Tyrell Cuffy

Personal information
- Nationality: Cayman Islands
- Born: 6 September 1988 (age 37) Trinidad and Tobago

Sport
- Sport: Running
- Event(s): 100 metres, 200 metres

Achievements and titles
- Personal best(s): 100 m: 10.33 (Edwardsville 2008) 200 m: 20.83 (Cali 2008)

Medal record
Men's athletics
Representing the Cayman Islands
NACAC Under-23 Championships
| Bronze medal – third place | 2008 Toluca | 4×100 m relay |
Pan American Junior Championships
| Silver medal – second place | 2007 São Paulo | 200 m |
CAC Junior Championships
| Bronze medal – third place | 2006 Port of Spain | 4×100 m relay |
Island Games
| Gold medal – first place | 2015 Jersey | 100m |
| Gold medal – first place | 2015 Jersey | 200m |

= Tyrell Cuffy =

Caymanian sprinter

Tyrell Cuffy (born 6 September 1988) is a Caymanian sprinter.

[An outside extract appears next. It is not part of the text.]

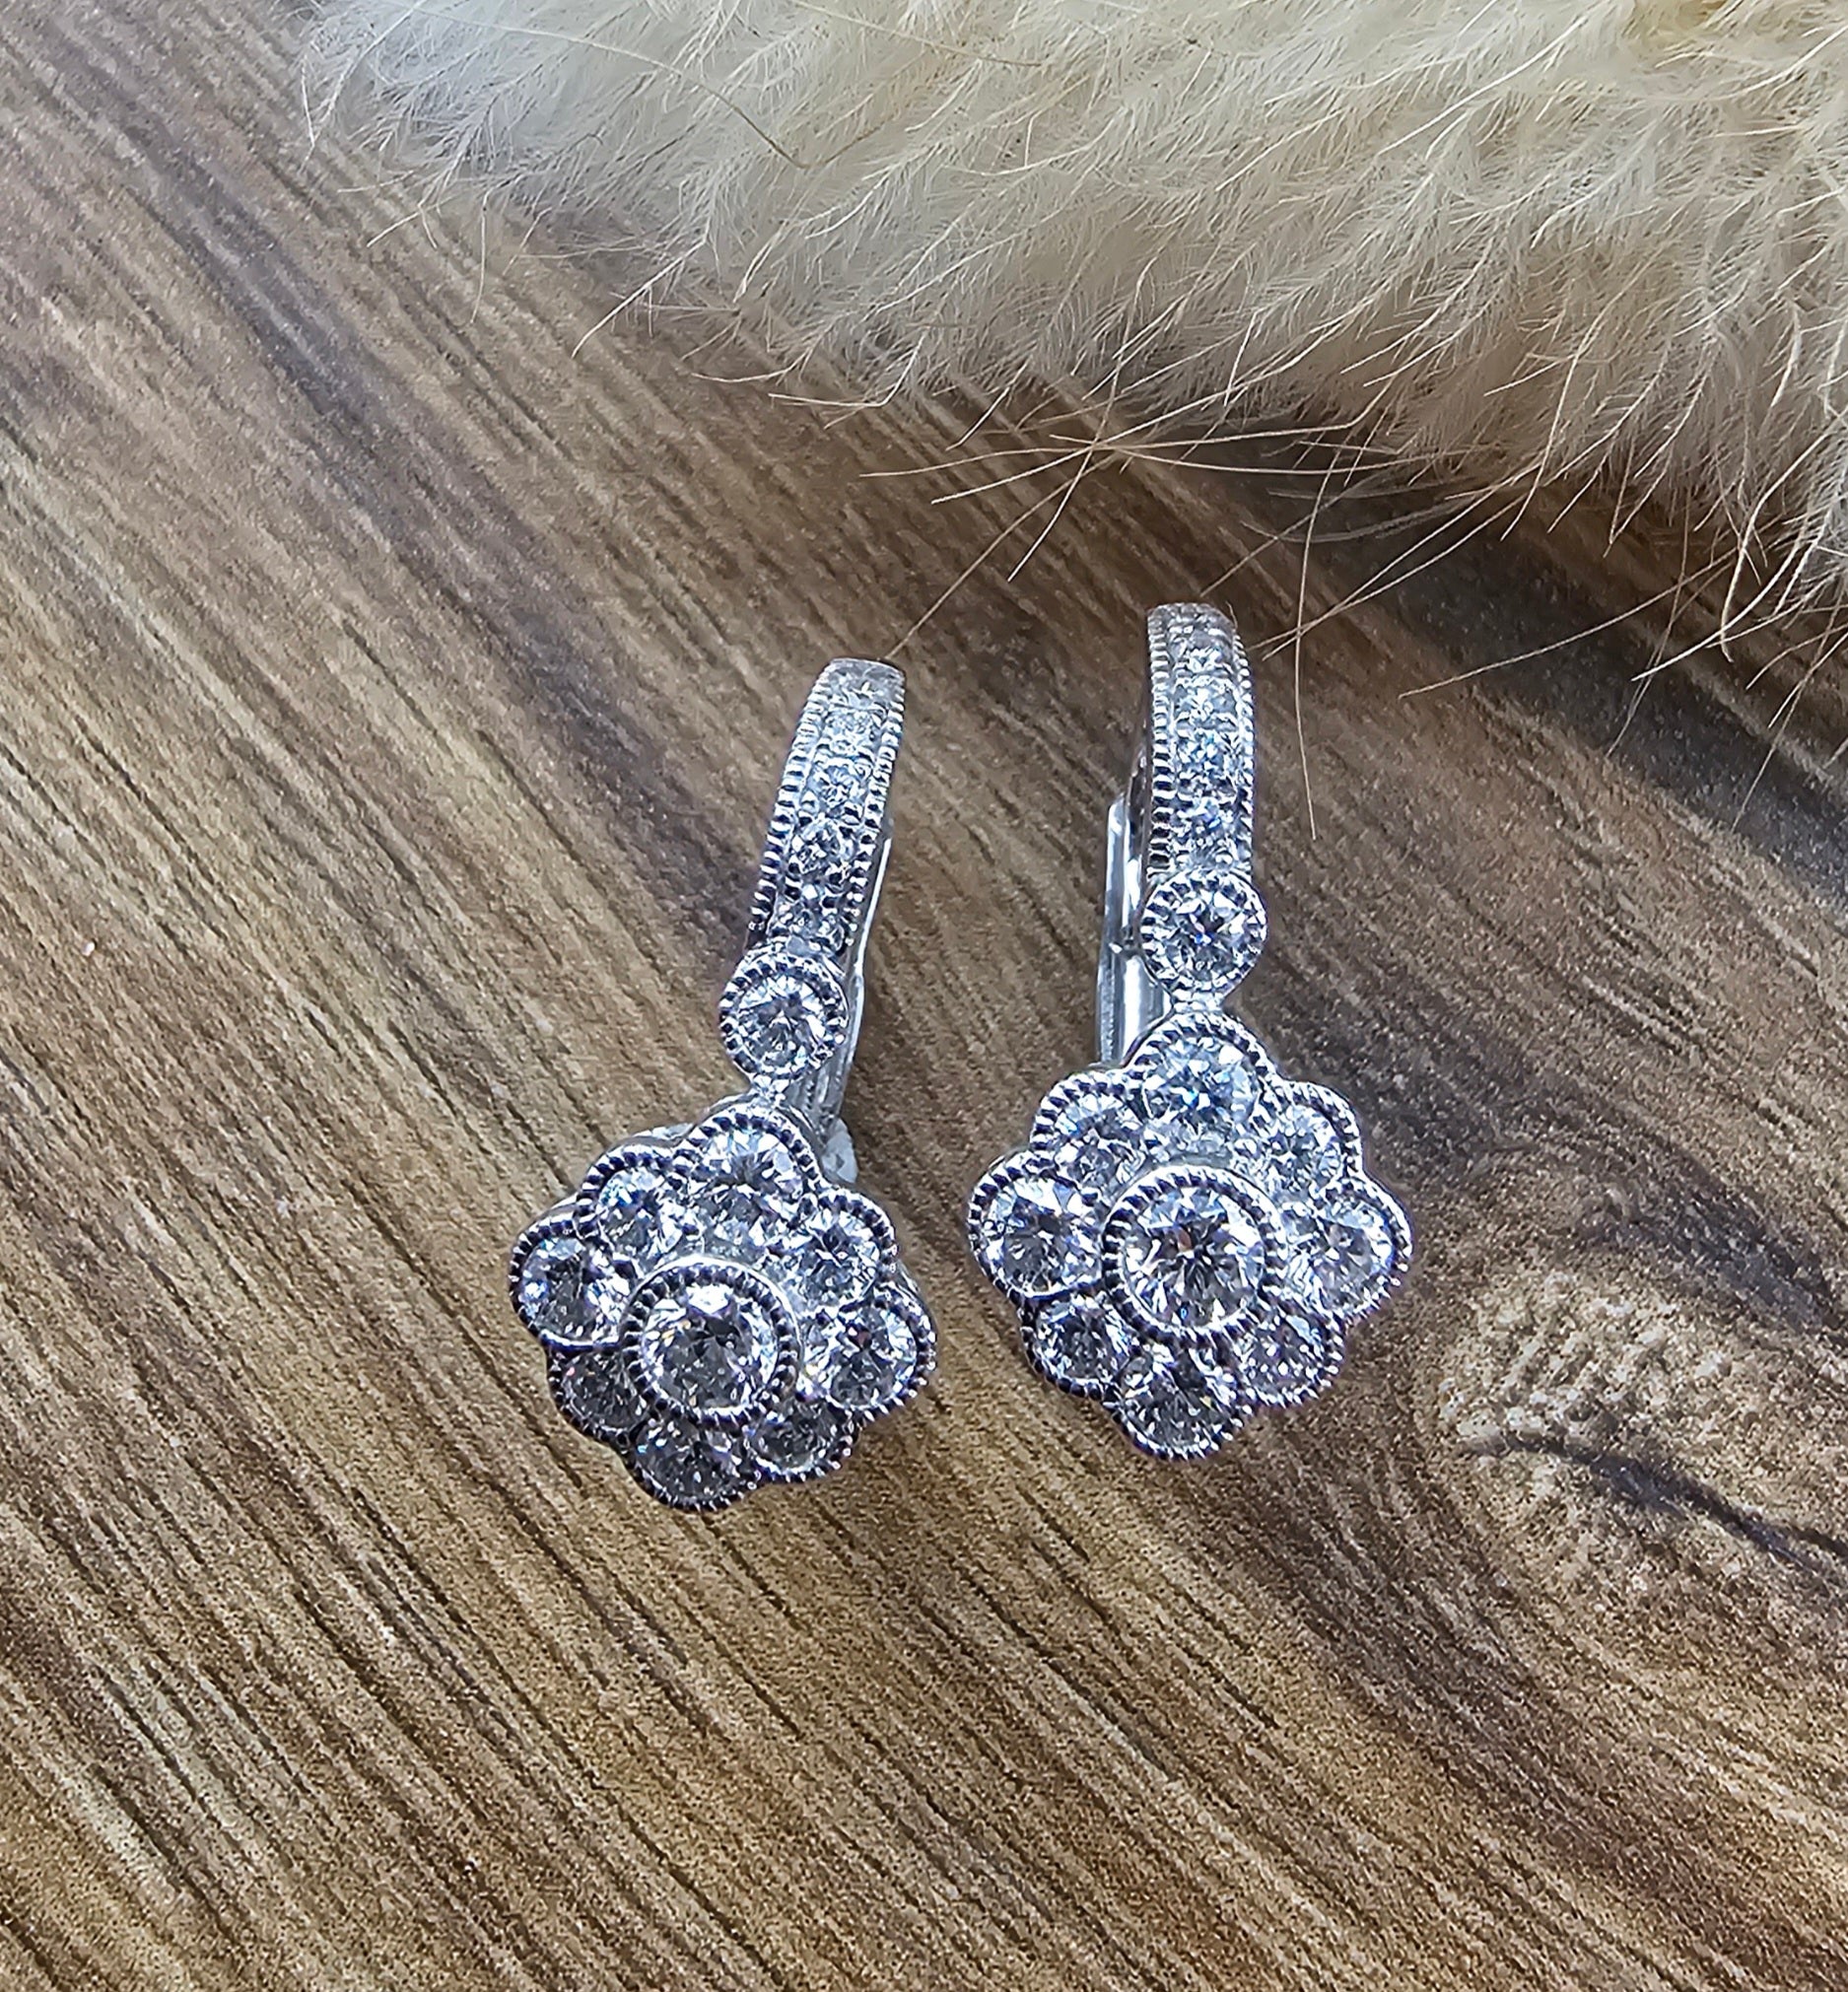 Vintage diamond hoop earrings
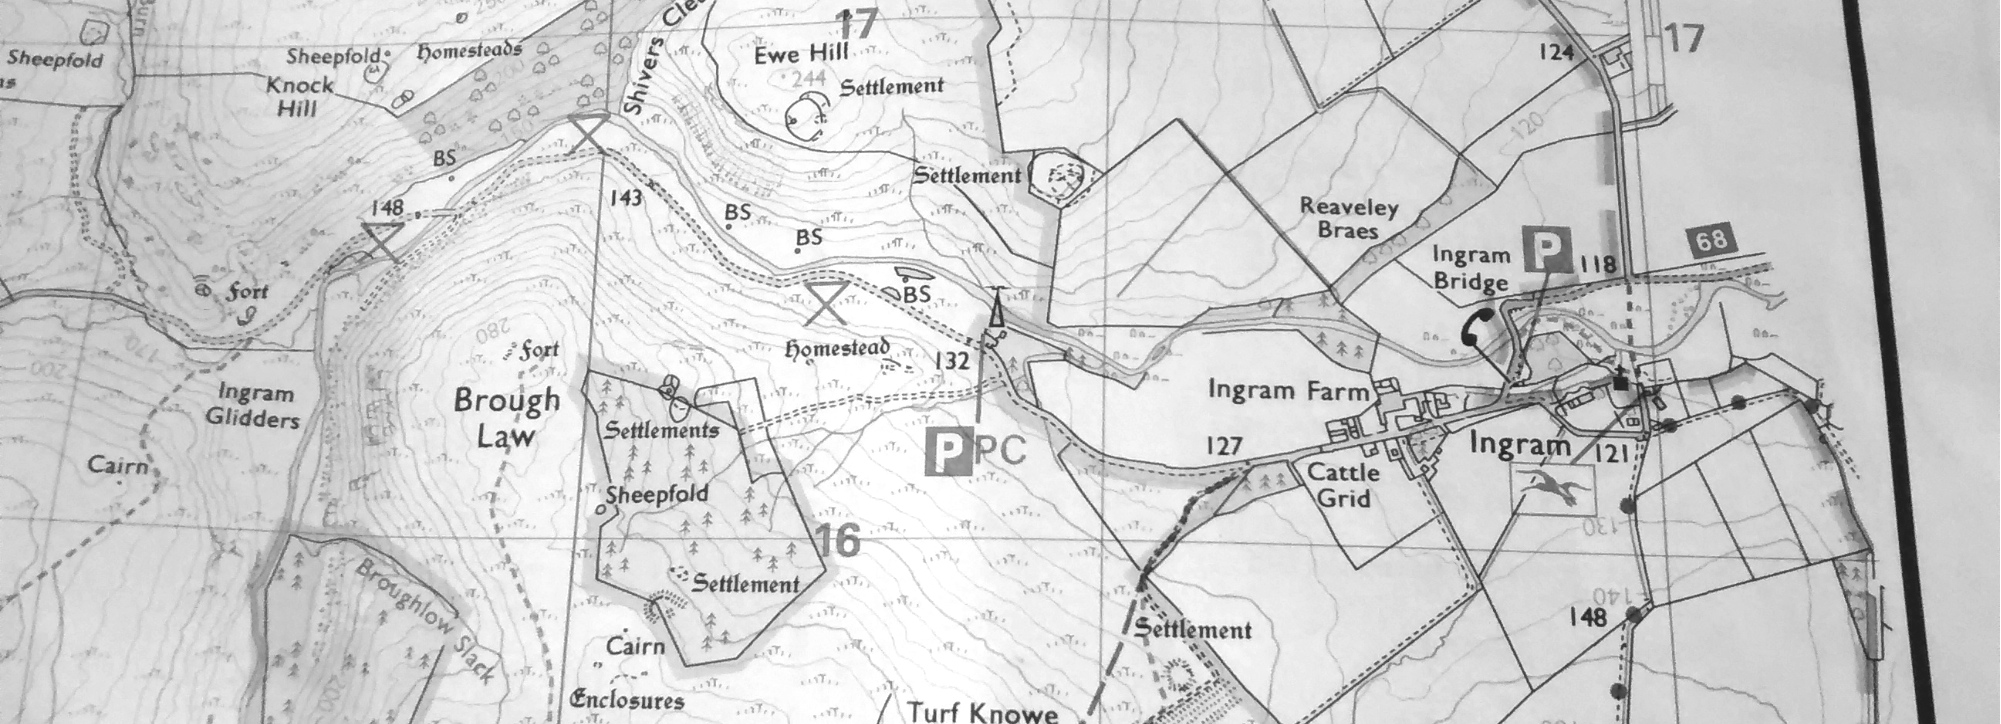 Map of Ingram area

Born in Trinidad and Tobago, Cuffy moved to the Caymans at a young age, and attended John Gray High School in George Town. He then studied at King College (in Bristol, Tennessee) on an athletic scholarship, winning both the 100 and 200-metre events at the 2008 NAIA National Track Championships. Cuffy had earlier won a silver medal in the 200 metres at the 2007 Pan American Junior Athletics Championships. He has since competed for the Caymans in a number of international events and meets, notably winning two gold medals (in the 100 and 200 metres) at the 2015 Island Games.

In his youth, Cuffy also represented the national under-19 cricket team, including at the 2005 ICC Americas Under-19 Championship. His father, Theo Cuffy, played first-class cricket in Trinidad and Tobago, and came to the Cayman Islands to coach the sport.